### What the task requires
Each line of the data below from the one holding "Deventer is een" to the one holding "Black Box Industrial", inclusive, is to be reproduced exactly; no other line belongs in the answer.

### Material to process

▬▬▬▬▬▬▬▬▬▬

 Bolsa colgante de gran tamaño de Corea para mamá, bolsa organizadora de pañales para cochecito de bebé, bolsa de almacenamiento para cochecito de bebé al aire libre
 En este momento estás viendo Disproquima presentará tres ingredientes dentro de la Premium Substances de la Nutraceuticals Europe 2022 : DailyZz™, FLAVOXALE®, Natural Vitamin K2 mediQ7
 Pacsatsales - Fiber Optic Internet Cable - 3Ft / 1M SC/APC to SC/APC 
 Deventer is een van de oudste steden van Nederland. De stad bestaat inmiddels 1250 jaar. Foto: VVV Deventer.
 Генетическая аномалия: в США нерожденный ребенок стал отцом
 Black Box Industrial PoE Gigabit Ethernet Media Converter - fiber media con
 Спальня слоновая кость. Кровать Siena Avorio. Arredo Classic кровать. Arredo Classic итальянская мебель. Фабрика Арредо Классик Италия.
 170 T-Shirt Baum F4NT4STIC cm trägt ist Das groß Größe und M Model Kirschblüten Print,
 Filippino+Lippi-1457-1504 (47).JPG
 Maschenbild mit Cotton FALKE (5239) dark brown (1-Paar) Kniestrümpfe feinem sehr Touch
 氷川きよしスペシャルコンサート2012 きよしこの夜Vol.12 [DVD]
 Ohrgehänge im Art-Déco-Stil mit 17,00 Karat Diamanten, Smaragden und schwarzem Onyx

▬▬▬▬▬▬▬▬▬▬

### Exercise response
 Deventer is een van de oudste steden van Nederland. De stad bestaat inmiddels 1250 jaar. Foto: VVV Deventer.
 Генетическая аномалия: в США нерожденный ребенок стал отцом
 Black Box Industrial PoE Gigabit Ethernet Media Converter - fiber media con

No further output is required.